Франк недовольно крякнул. Он видел этот замечательный экземпляр германской женщины чемпионку берлинского теннисного клуба, видел загорелые руки и ноги Марианны и, наконец, легкую, трогательную фигурку Эвелины, ее живое лицо, ее глаза, ее трепетный рот…

– Право не знаю. Я не смотрел на женщин, ответил он.

– О, поди! – насмешливо и скептически воскликнула Марион.

– Честное слово. Я жил как монах.

Марион взглянула на него и стала серьезнее.

– Интересно… – медленно произнесла она.

Франк налил себе еще коньяку. Внезапно Марион очутилась у него в руках, опираясь на его колено. Ее губы в легких дразнящих поцелуях скользили по его лицу.

– Лев, которого не кормили целую неделю, – прошептала она, подчеркивая слова поцелуями.

Он взял ее на колени и поцеловал долгим, ищущим поцелуем.

– Ты думал обо мне в Берлине? – шепнула она.

– Нет, ответил Франк.

– Ты рад, что вернулся? Тебе недоставало меня?

– Нет, ни чуточки.

Марион встала и потянулась. Она улыбнулась ему лукавой улыбкой и направилась к дверям. Когда она скрылась в дверях спальни, Франк поднялся, пригладил волосы, глубоко вздохнул и последовал за нею.

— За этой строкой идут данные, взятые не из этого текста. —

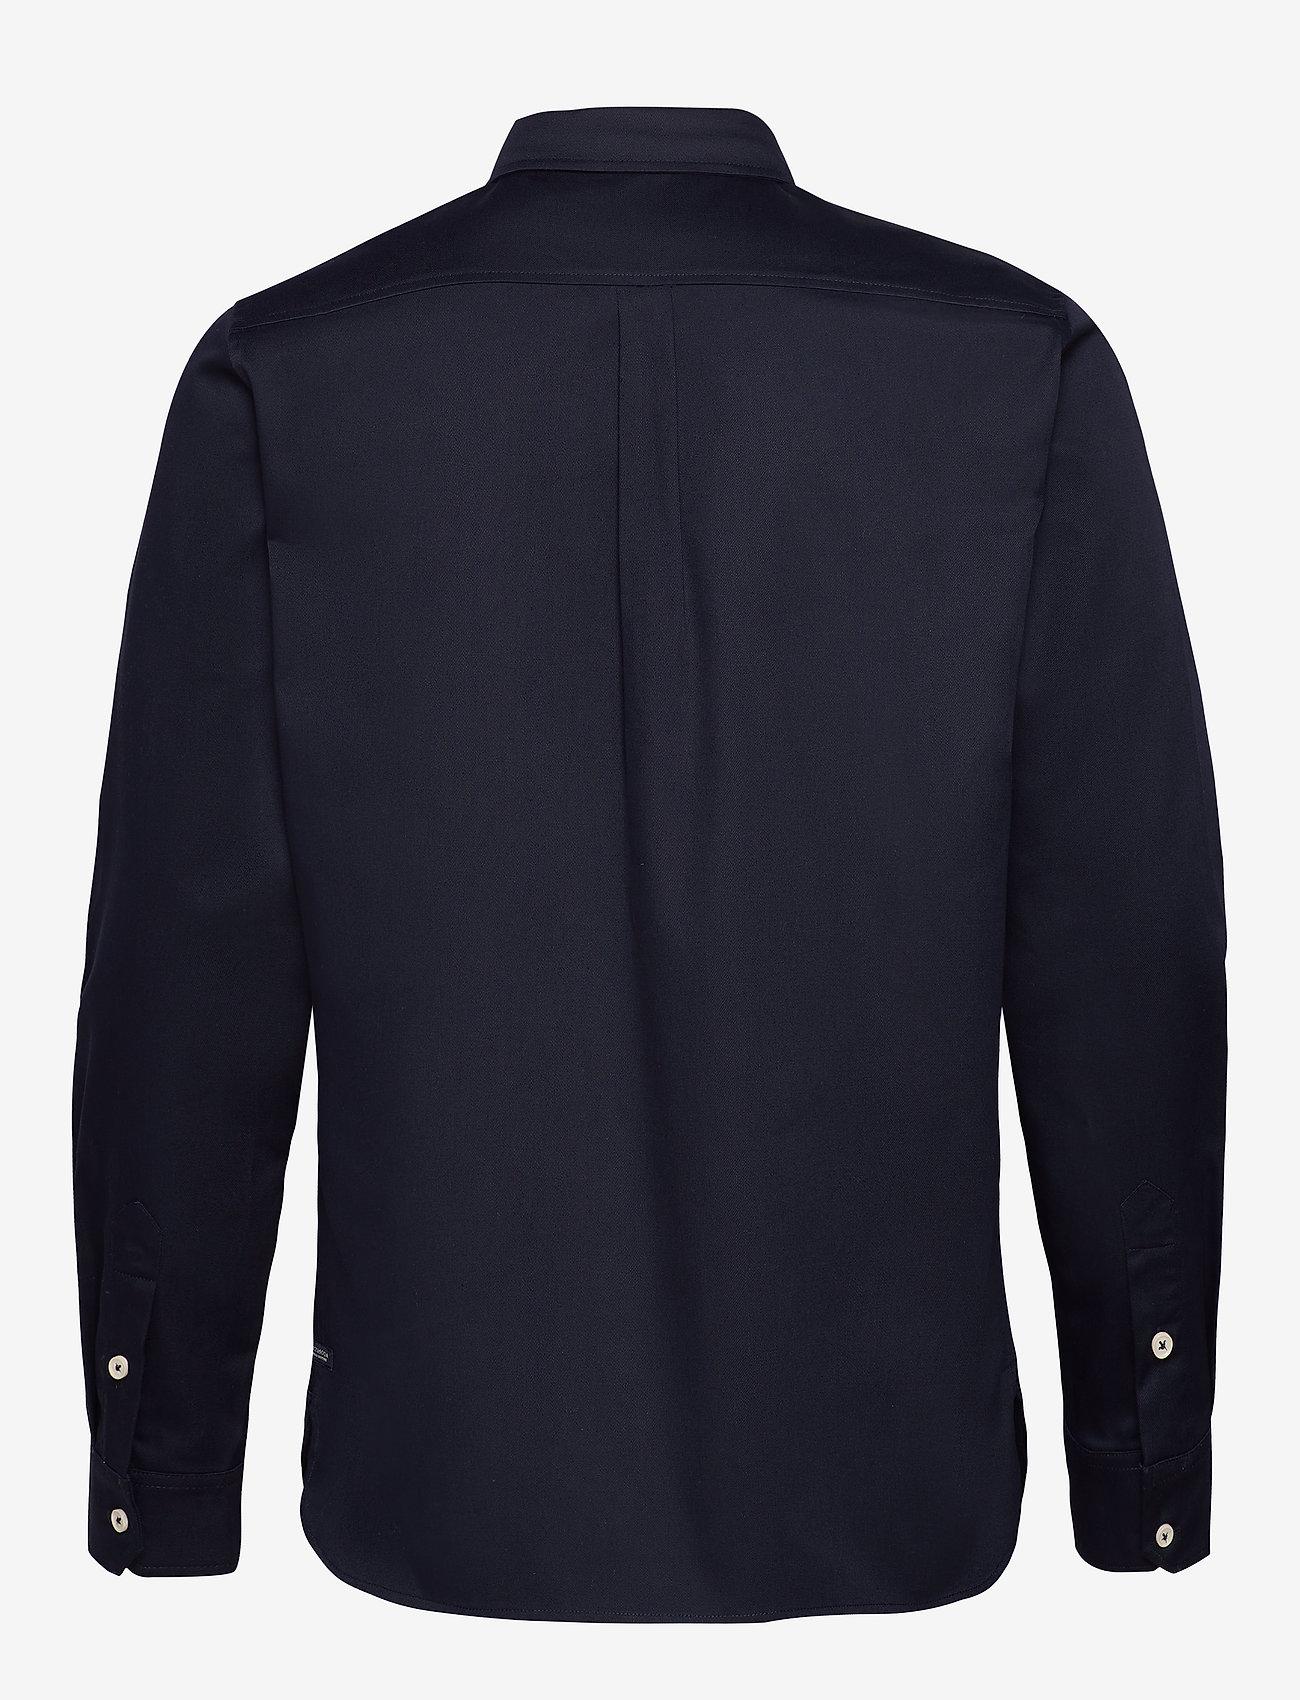 Scotch & Soda - Longsleeve clean utility shirt - basic shirts - night - 1

Квартира мадам Гюэрман состояла из трех комнат. Рядом с гостиной, прекрасной по своим пропорциям комнаты в три окна, обставленной ужасной золоченой мебелью, обтянутой шелком цвета слегка подгнившей клубники, находилась маленькая темная столовая, по словам Марион – в нормандском стиле, и спальня с ее гордостью настоящей староанглийской кроватью. Это была кровать с четырьмя высокими колонками, небольшим балдахином из кретона и действительно замечательным матрасом. В Америке такую кровать можно было бы купить в любом мебельном магазине, но Франк с почтением узнал, что кровать была настоящей английской и являлась в Париже ценной редкостью. С годами он даже привязался к этой кровати, как привязываются к дачному месту, которое регулярно посещают.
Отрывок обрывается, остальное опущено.